**Instructions to follow:**
The required output is the exact run of lines from the one that contains "How to Prevent Common Dental Problems" to the end of the data, with every picture left out.
**** Dataset extract ****
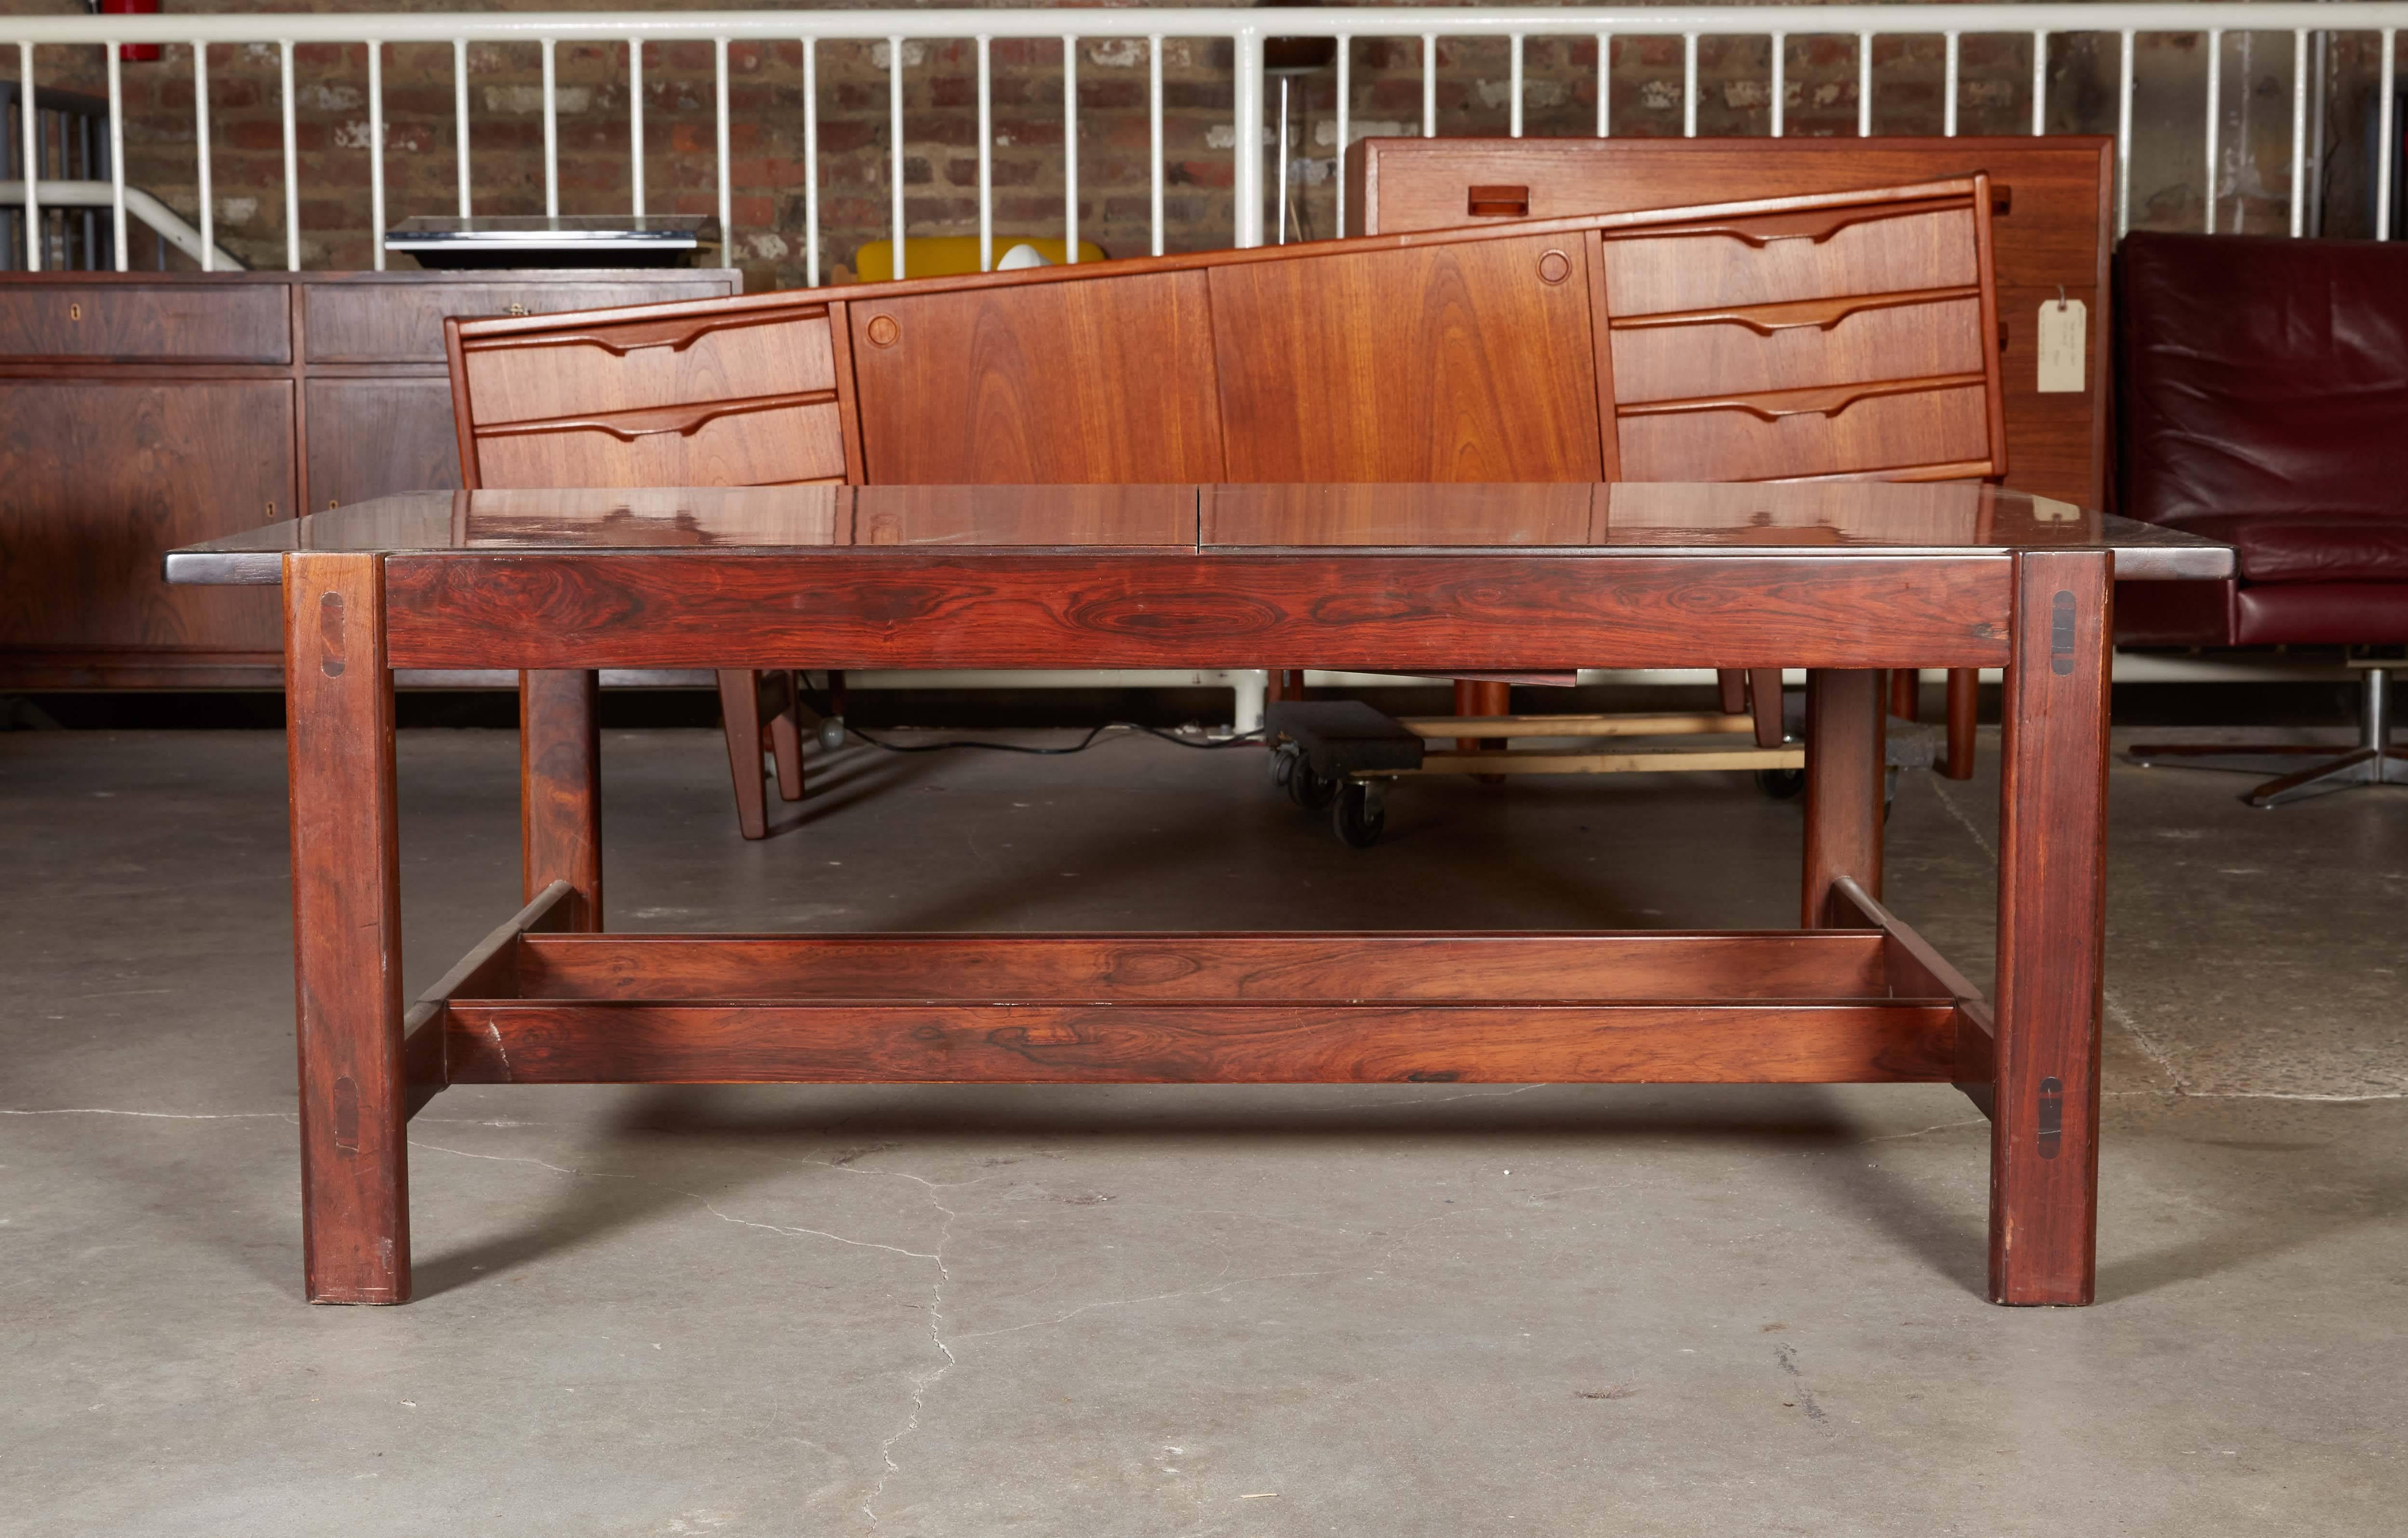 1960s Rosewood Coffee Table by Torbjorn Afdal

This vintage coffee table expands. This has a swing leaf made with laminate giving you a built in coaster, maybe a card table, or when you have guests because it just allows for more serving space. Easy
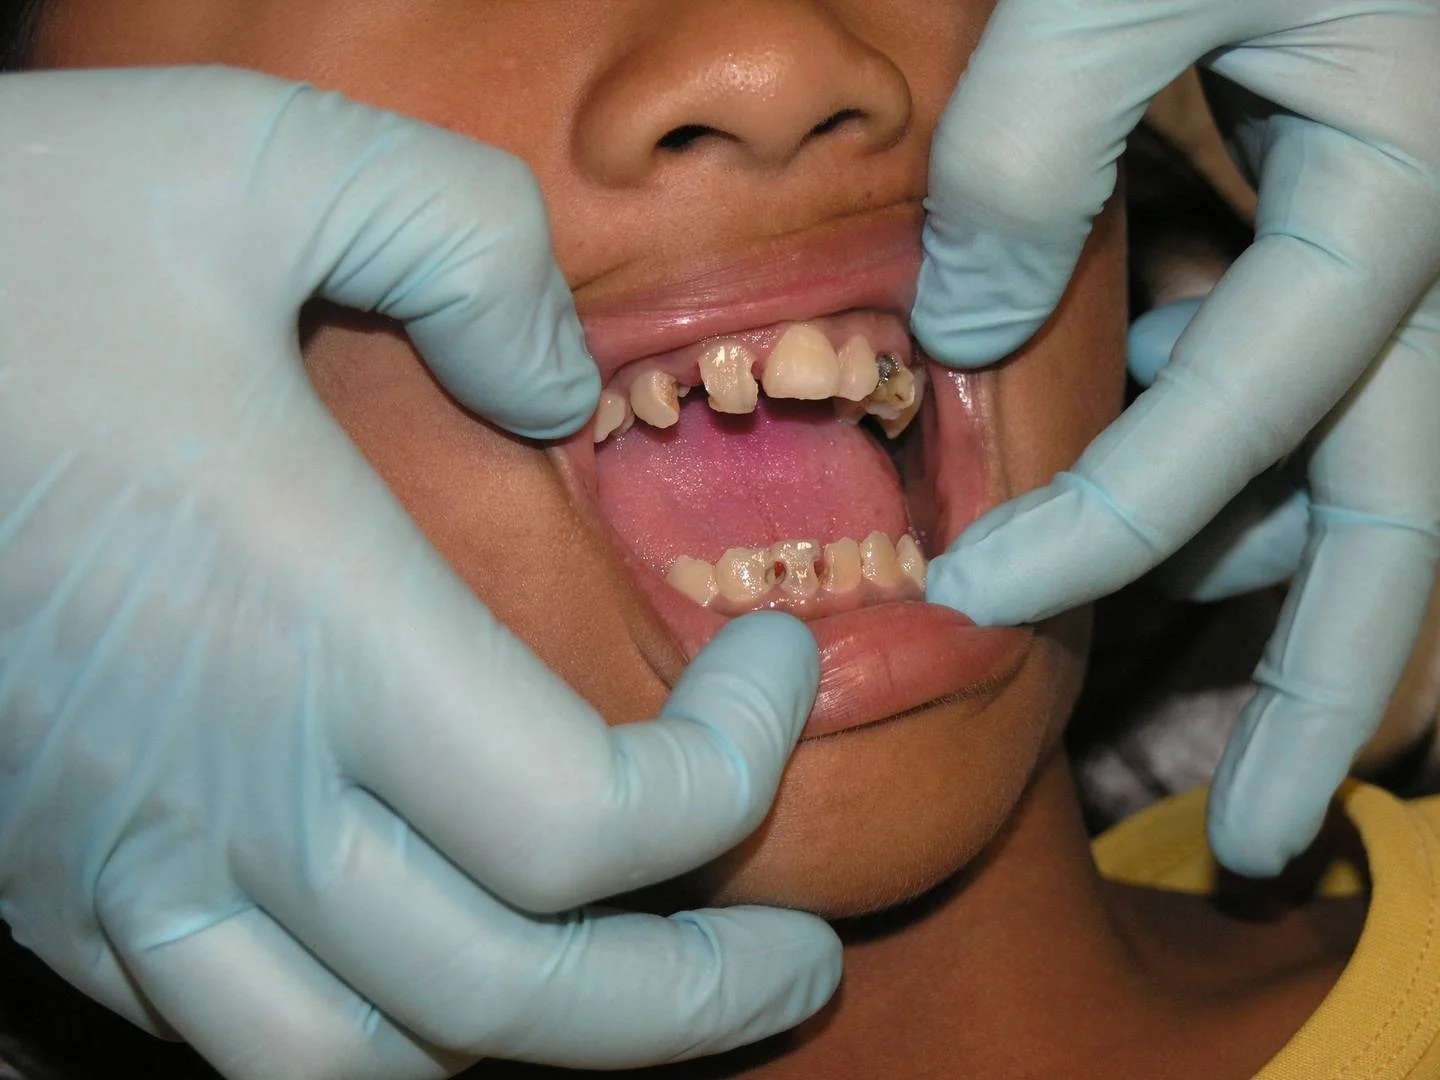 How to Prevent Common Dental Problems
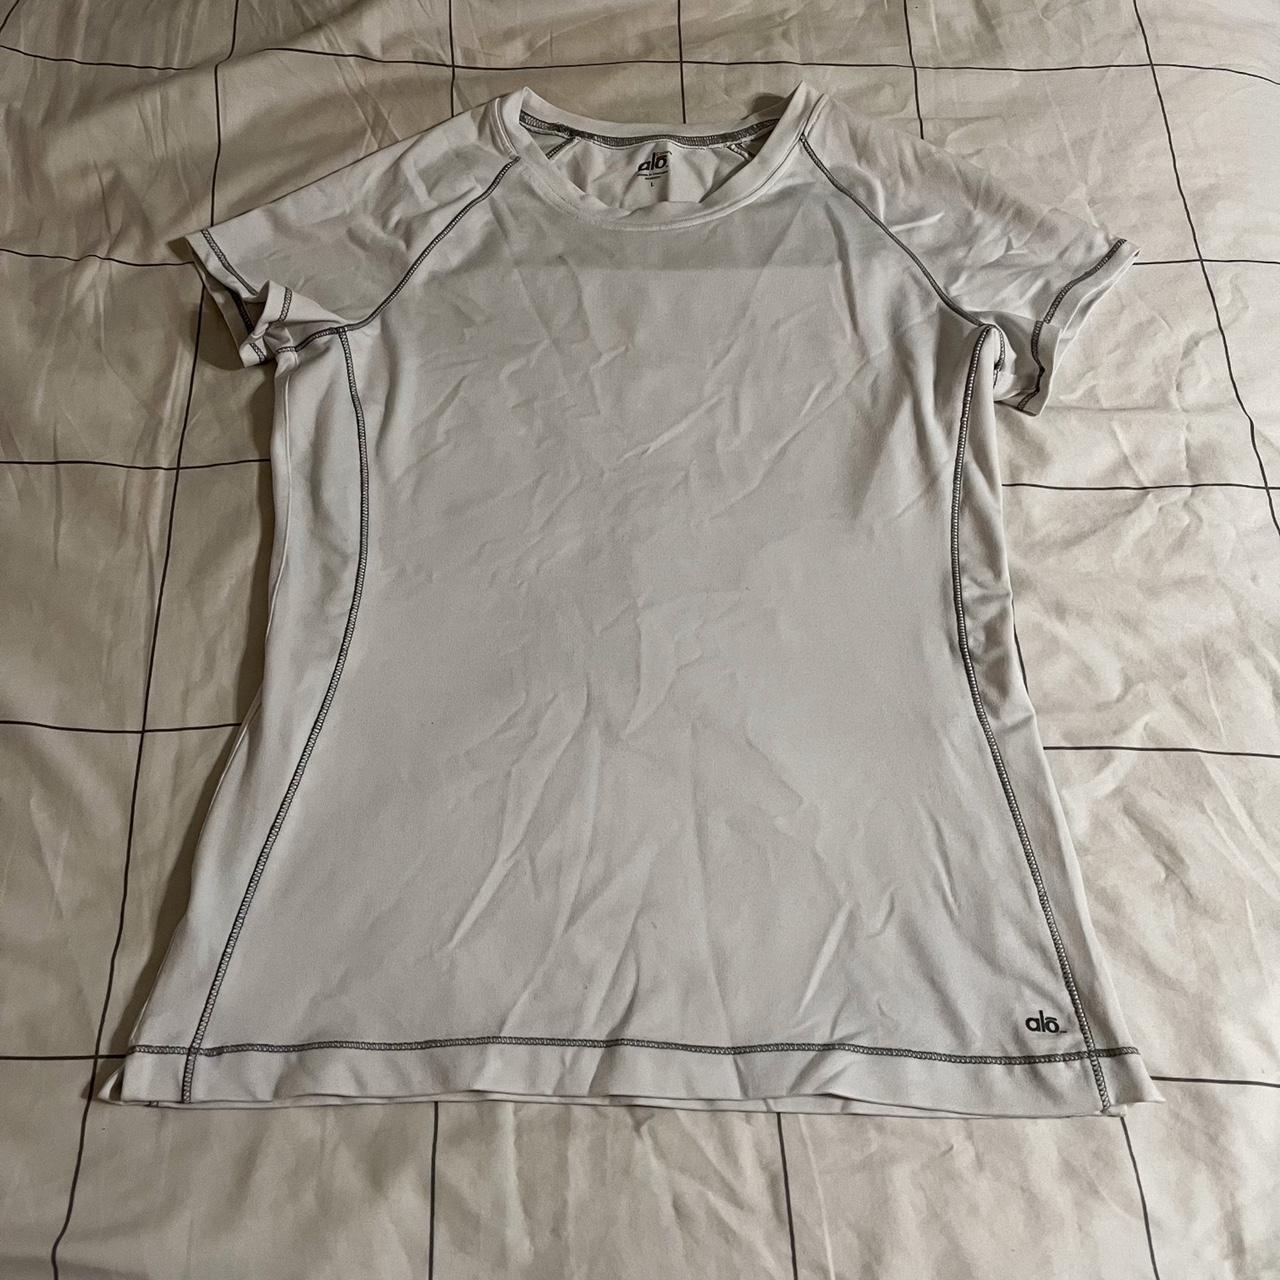 Product Image 1 - Gently used white workout top
****
**Answer box:**
 How to Prevent Common Dental Problems
 Product Image 1 - Gently used white workout top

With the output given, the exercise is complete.